Und je schneller man abließ, umso schneller wurde der vollgesogene Berg, dem nun der Gegendruck durch das Wasser fehlte.
In jener Nacht im Oktober 1963 verlor er den letzten Halt.
La frana, der Erdrutsch, 270 Millionen Kubikmeter Fels und Geröll. Das muss man niederbrechen auf einen Zahl, mit der die Vorstellungskraft umgehen kann: Ein Würfel, ca. 650 x 650 x 650m groß. Das so oft als Vergleich bemühte, bedeckte Fußballfeld: 2,5km hoch bedeckt.
Knapp 2,5km, so lang war der Bergsturz tatsächlich. Bis zu 500m hoch riß der Hang einfach ab. Bis zu 400m war die rutschende Schicht mächtig. Wie eine offene Wunde ist die untere Hälfte des Toc noch heute kahl und blank.
270.000.000 Kubikmeter fallen in einen halb so großen See. Weil eine hauchdünne Trennschicht aus Ton unter dem Felsgestein liegt, erreichen sie dabei fast 100km/h.
Talaufwärts, Richtung Erto, wird das Tal breiter. Nur 50m hoch, verschlingt die Flutwelle dort einige Streusiedlungen mitsamt den Bewohnern.
Auf dem Gegenhang der Rutschung rast die Welle 250 Höhenmeter den Berg hoch, teilt sich an einem Bergsporn, statt der von der Universität Padua vorhergesagten 20m ist die Wand aus Wasser, die über die Dammkrone schwappt, über 150m hoch. Sie fällt in die Klamm, die wie ein Pistolenlauf auf Longarone gerichtet ist. 25.000.000 Kubikmeter. 25.000.000 Tonnen.
Der Damm steht. Zwei Minuten später steht in Longarone nichts mehr.

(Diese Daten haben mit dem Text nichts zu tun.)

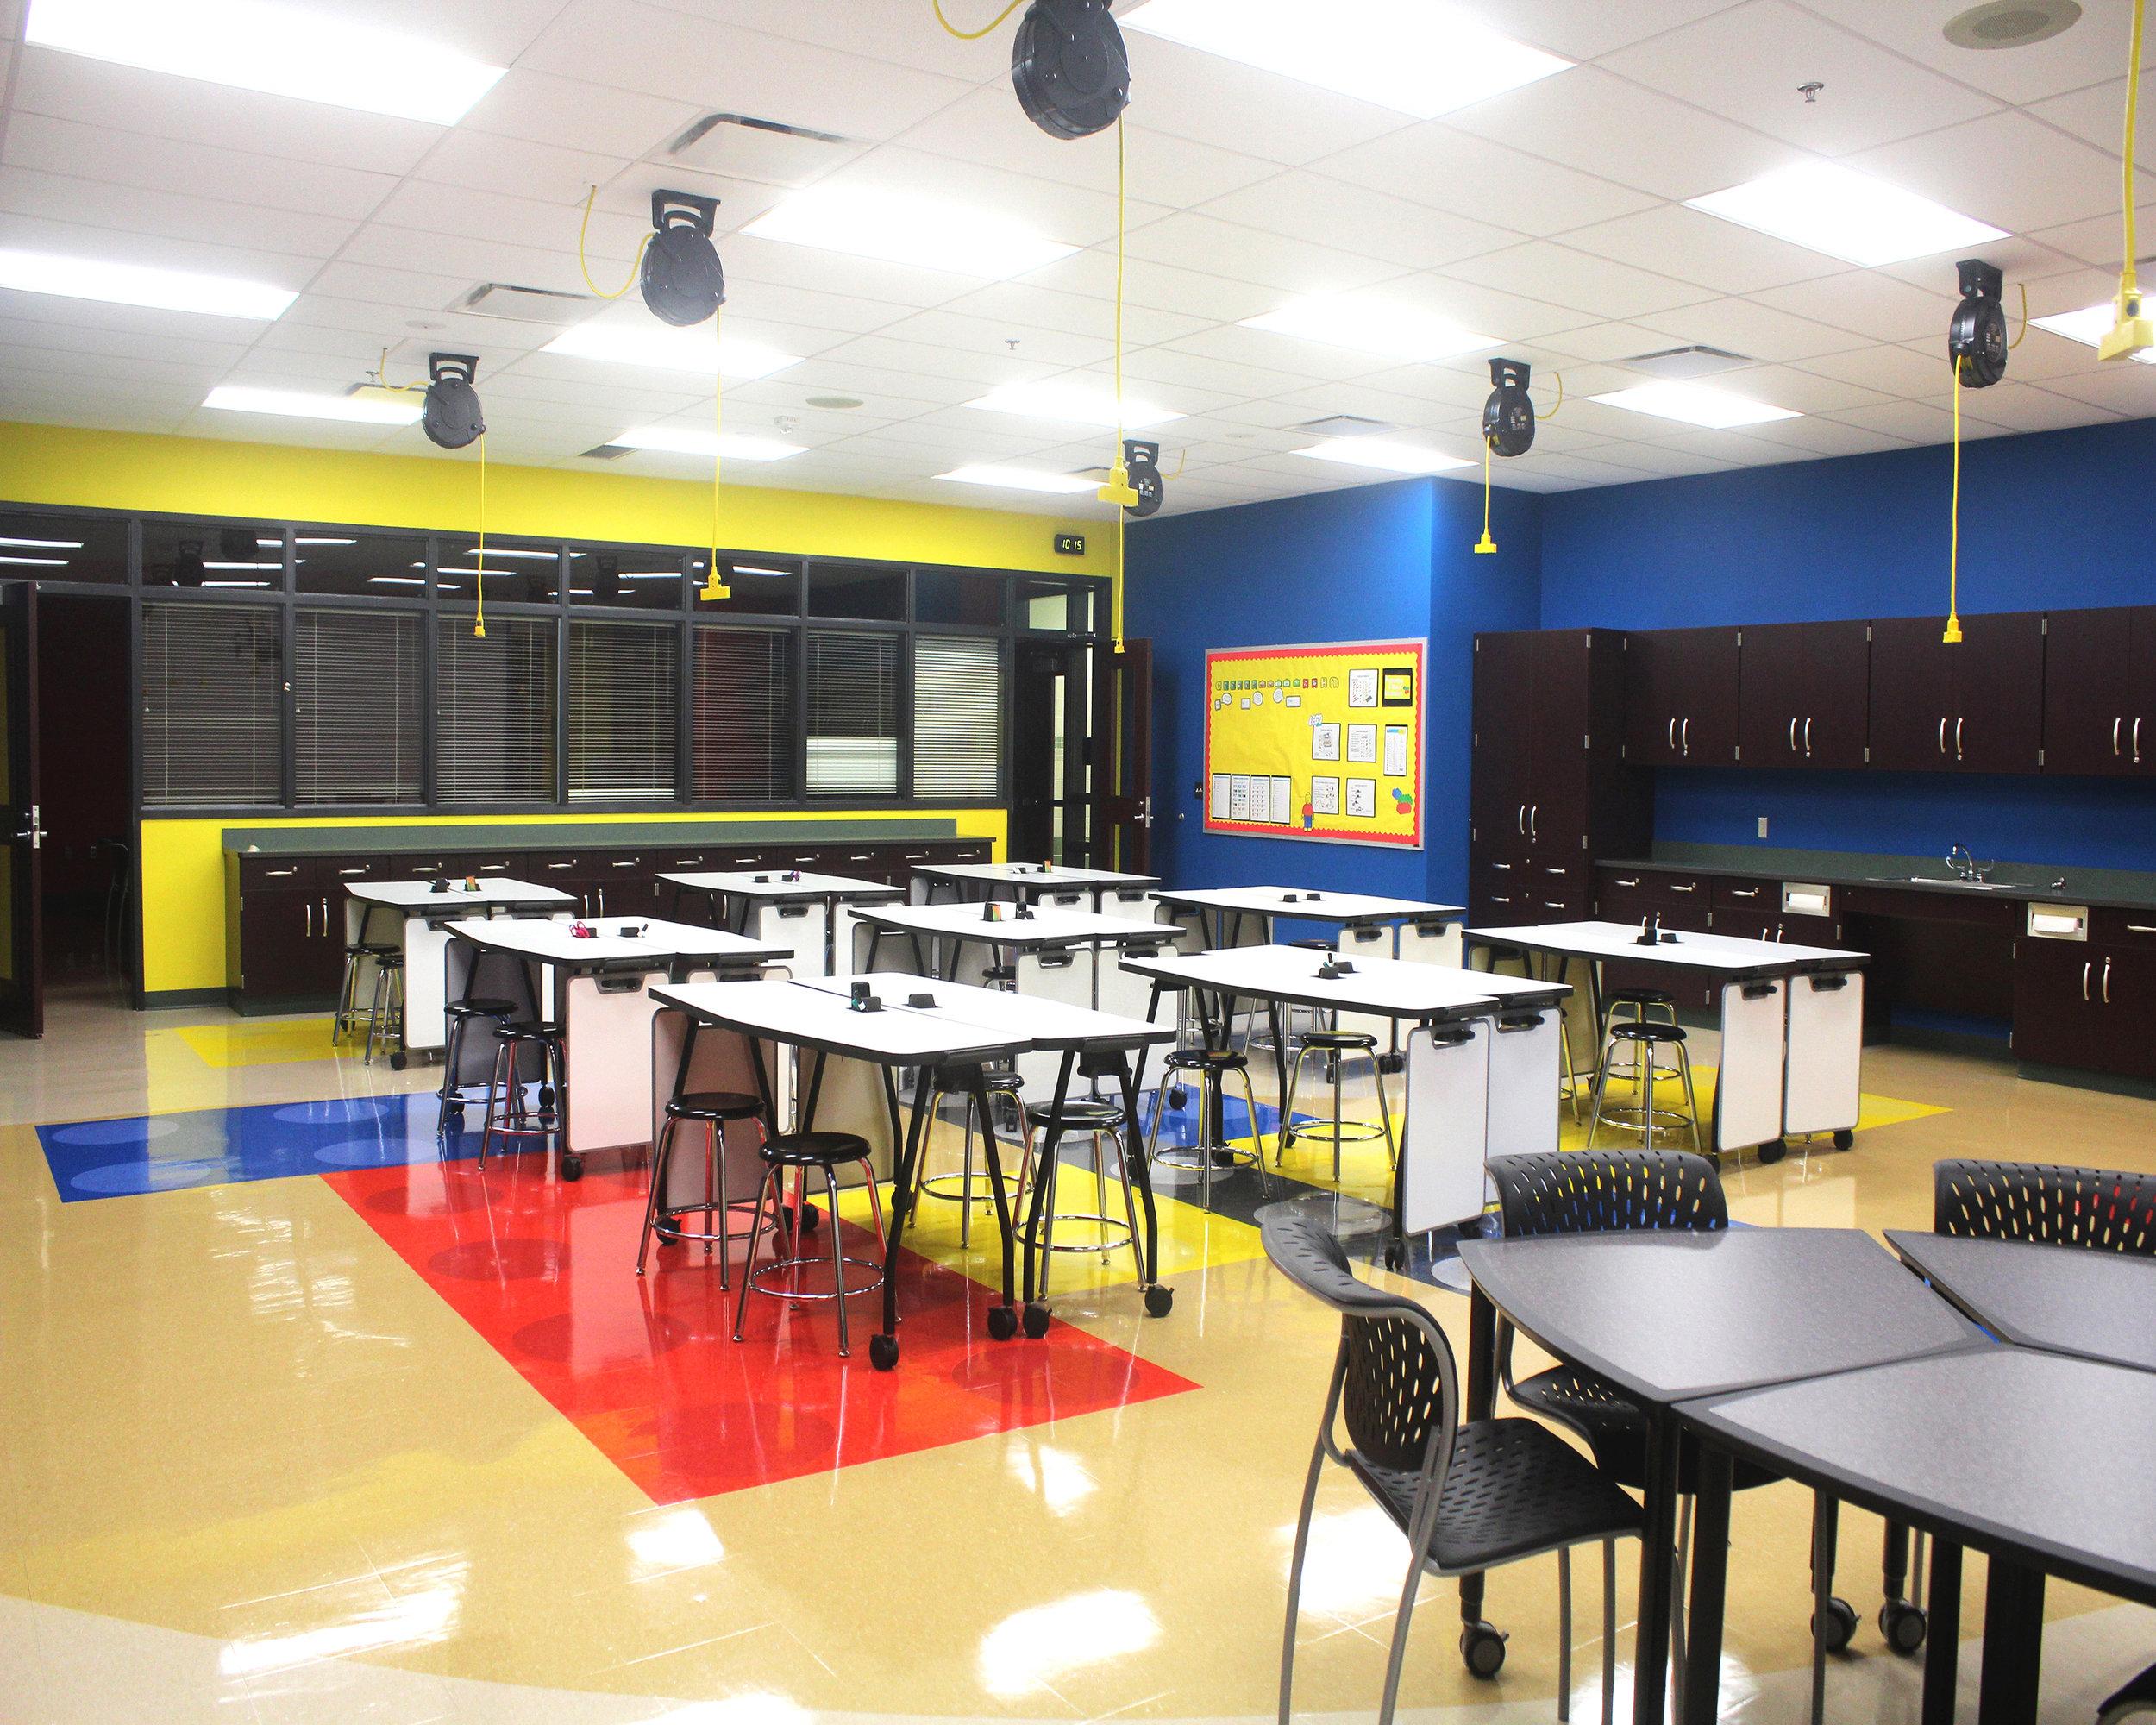 South Fayette Intermediate School  South Fayette Township School District   Education

Longarone ertrinkt nicht. Longarone wird von der Druckwelle, die das Wasser vor sich herschiebt, planiert. Die Quellen widersprechen sich, wohl 2000 Menschen verlieren ihr Leben.
Kaum jemand im Ort überlebt, es gibt nur wenige Verletzte. Viele Leichen sind nackt, enthäutet, verstümmelt, von um die 500 fehlt jede Spur.
Die SADE hatte das ihre getan, um Schaden abzuwenden: Sie ließ die Bundesstrasse im Piavetal am Vorabend sperren. Sonst nichts.
Longarone evakuieren, dafür wollte keiner die Verantwortung übernehmen. Um eine Panik zu vermeiden.
Die Bewohner von Erto und Casso werden in den Tagen danach umgesiedelt, ihre Dörfer und der See zum Sperrgebiet erklärt.
Es beginnt der jahrelange Kampf um Entschädigungen und es beginnen die Strafprozesse durch alle Instanzen. Beides, Entschädigungen wie Strafen, fallen lächerlich gering aus.
Auf beiden Seiten gehen Menschen leer aus, die einen, weil sie Besitz nicht nachweisen können, die anderen, weil man ihnen keine direkte Verantwortung nachweisen kann.